Someone who is neither a participant in a travail public nor a user of an ouvrage public is termed a ‘third party’ (un tiers). A person in this category who suffers harm as a result of either travaux publics or an ouvrage public benefits from a liability sans faute imposed on both public bodies and works contractors involved in the public works, the only defences being force majeure or contributory fault of the claimant:131 and the fact that some other person has also contributed to the claimant’s harm is not a ground for reducing the liability of either the works contractor or public body sued, ‘fait d’un tiers’ not being a defence.132 Again, a wide variety of cases comes within this heading, many of which involve harm involving products. A very common type of case may be illustrated by Commune de Saintes, where a town engaged a contractor to construct an underground carpark and the work damaged a neighbouring property: the latter’s owner recovered damages from the town in respect of this damage without the need to show fault in either the contractor or the town.133 The decision in Grau, however, shows that the connection with a travail public may be less direct.134 Grau was a works contractor engaged to quarry stone by a public body, using explosives to do so. On one occasion, an explosion caused a high-tension electricity cable to fall onto a telephone cable, which then transmitted a surge of current to the earpiece of a telephonist working for PTT, the French public telephone company. The Conseil d’Etat held Grau liable to the telephonist without proof of fault as she was a ‘third party’ to a travail public (the quarrying), but held PTT liable to indemnify Grau as himself a ‘third party’ to the telephone equipment (a distinct ouvrage public) for which it was responsible and through which the telephonist had suffered her injuries, though it reduced his indemnity on the ground of his own contributory fault. This decision also illustrates that accidents causing harm to third parties may be causally related to an ouvrage public as well as to travaux publics.

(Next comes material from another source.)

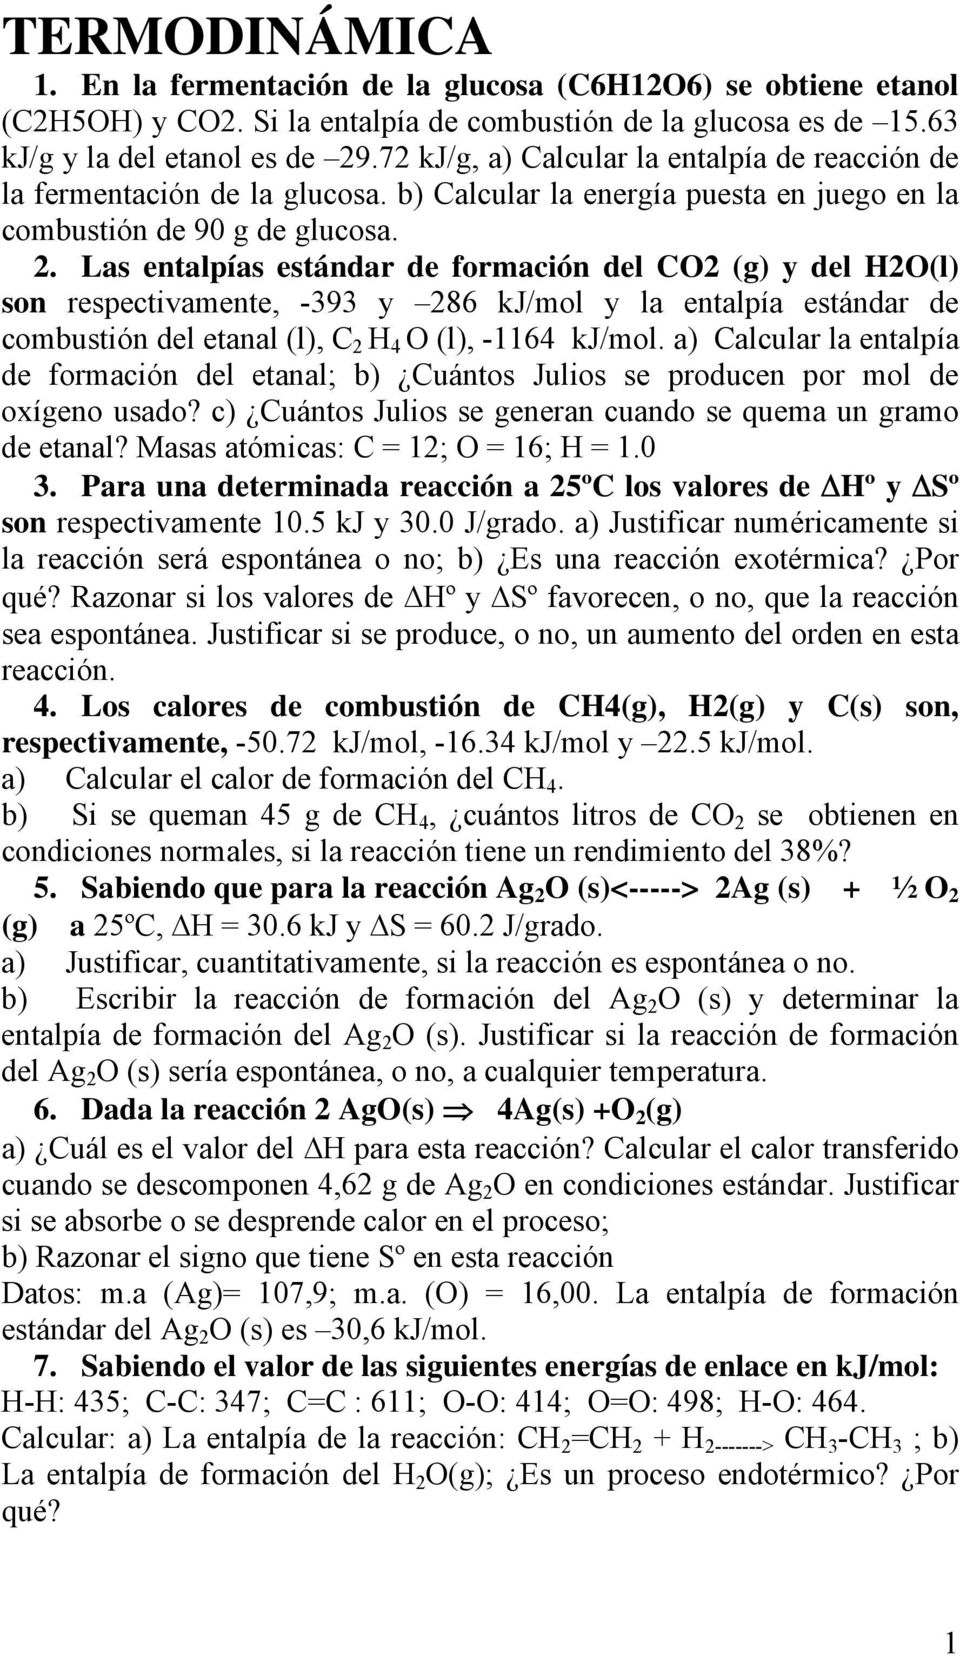 Las entalpías estándar de formación del CO2 (g) y del H2O(l) son respectivamente, -393 y 286 kj/mol y la entalpía estándar de combustión del etanal (l), C 2 H 4 O (l), -1164 kj/mol.

Finally, it should be recalled that while travaux publics need to concern immovable property135 they need not result in any work of construction. So, for example, in Alban the defendant company had undertaken to spray an insecticide from the air as part of an anti-mosquito programme instituted by /oi.136 The claimants, landowners (p.129) whose crops had suffered owing to the nature of the product sprayed, recovered damages as ‘third parties’ to the spraying which was categorised by the loi as a travail public. Again, we see liability for damage caused by a product (the insecticide spray) subsumed under the category of liability for public works.